Дениска смущённо пожал плечами, а все удивлённо переглянулись. Вот что выяснилось.

Батыр и Хамид забрели в кусты. Там на них напало Лободиное войско и захватило в плен. Дениска случайно стал свидетелем этого. Он побежал за ними в овраг. И там, когда Володька Лобода поднял над головой «водную бомбу», чтобы кинуть её на Батыра и Хамида, Дениска осуществил десантную операцию. Сзади набросился на Володьку, ударил по «бомбе». «Бомба» разорвалась у Володьки над головой. Но… силы были неравные.

Что было потом — вы знаете.

Вот тогда-то впервые и узнали все о Денискиной мечте стать десантником.

И хотя «десант» победы не принёс, все решили, что поступок Дениски заслуживает самой высокой оценки. И что мир надо защищать.

И что кадровые военные очень для этого нужны. А десантники, может быть, особенно.

* * *

Через два дня на Денискиной парте лежал листок из тетради в линейку, на котором была выведена жирная красивая пятёрка с хвостиком.

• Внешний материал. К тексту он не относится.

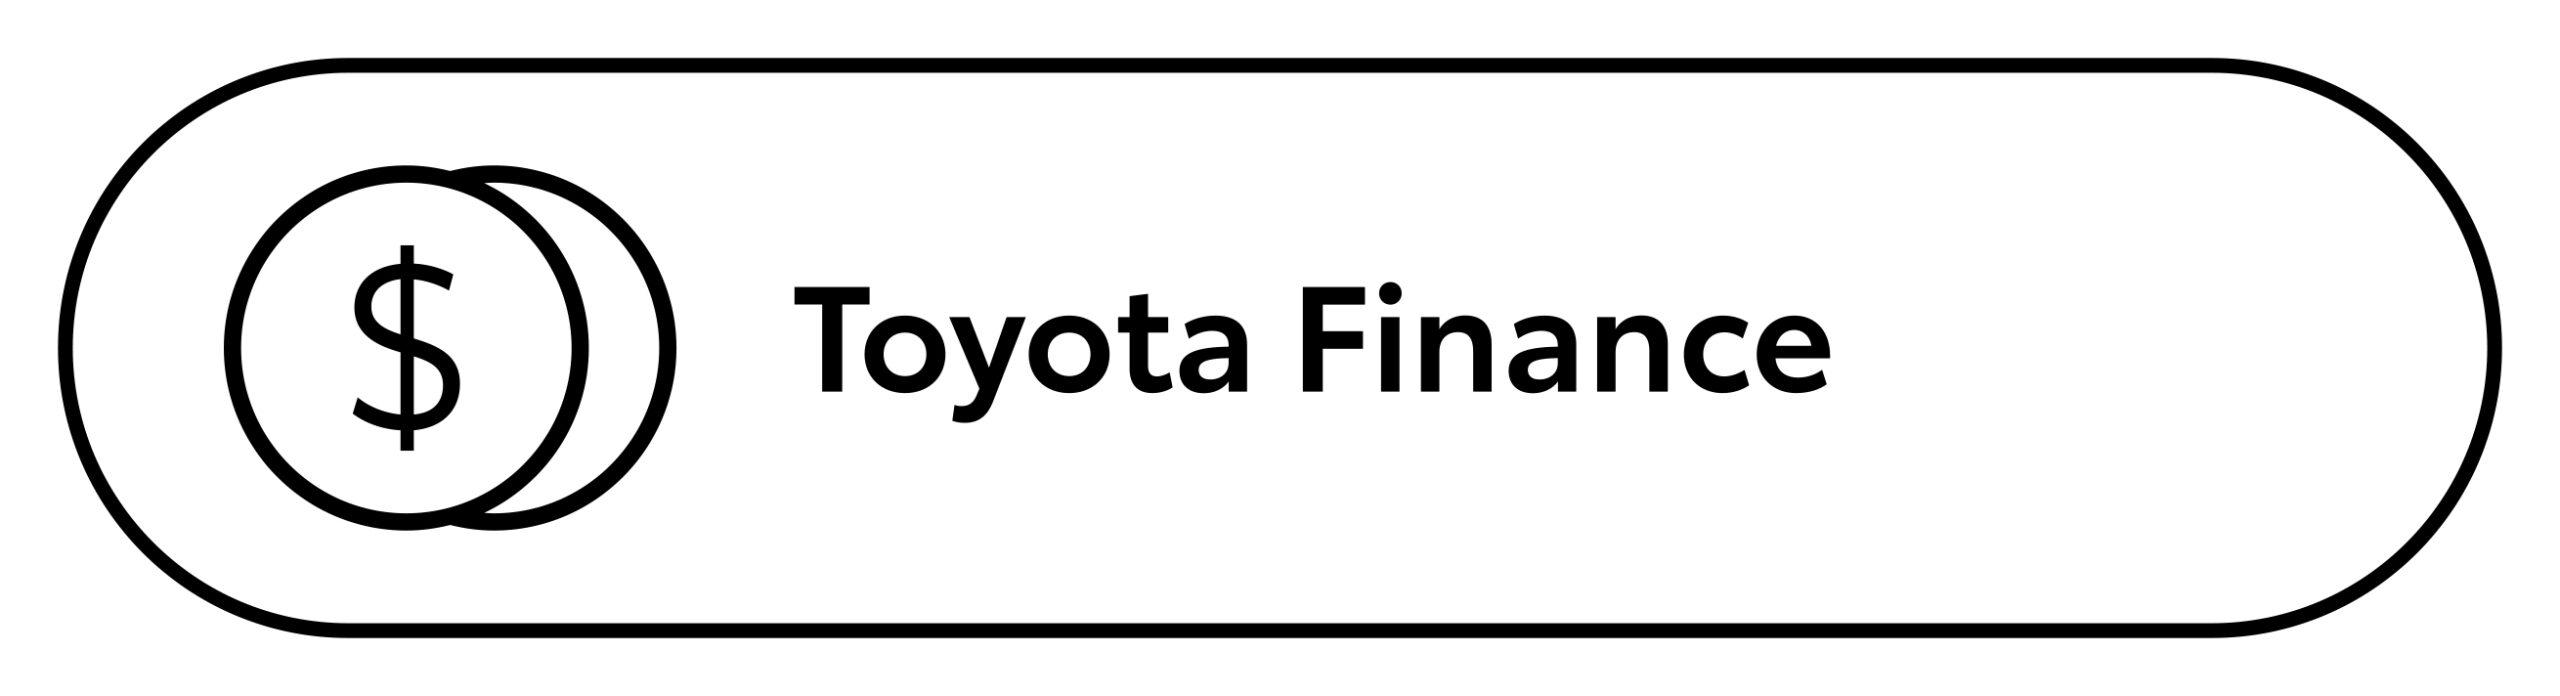 Cornes Toyota Finance

Последняя пятёрка с хвостиком

Нет-нет. Речь не о Денискиной, Денискина была не последней. Впрочем, о той последней расскажем чуточку погодя. А теперь самое время познакомиться с Иринархом Ивановичем. Если вы его никогда не видели, вы себе даже представить не можете, что это за человек. Когда он, слегка прихрамывая, заходил в школу, первое впечатление, что это какой-нибудь профессор. Фетровая шляпа с шелковым бантом. Синий костюм-тройка. Ослепительно белая рубашка, галстук. В руках чемоданчик-дипломат. Если к этому добавить благородные черты немолодого лица, солидную, слегка полноватую, но стройную фигуру, то выйдет портрет члена-корреспондента Академии наук или же художественного руководителя столичного театра.

Да ещё имя, которое встречается, наверное, один раз на несколько миллионов (если не больше) — Иринарх. Иринарх Иванович.

Но он не профессор, не член-корреспондент и не художественный руководитель столичного театра. Иринарх Иванович — учитель труда.

В мастерской он снимает шляпу, переодевается в синюю спецовку, вынимает из дипломата инструменты и начинает урок.

Конечно, есть школы, в которых на уроках труда собирают полупроводниковые схемы, работают с компьютерами, но в нашей школе покамест этого нет. Зато такого учителя труда, я думаю, нет ни в одной школе Советского Союза. Есть, может быть, даже лучшие, но такого нет.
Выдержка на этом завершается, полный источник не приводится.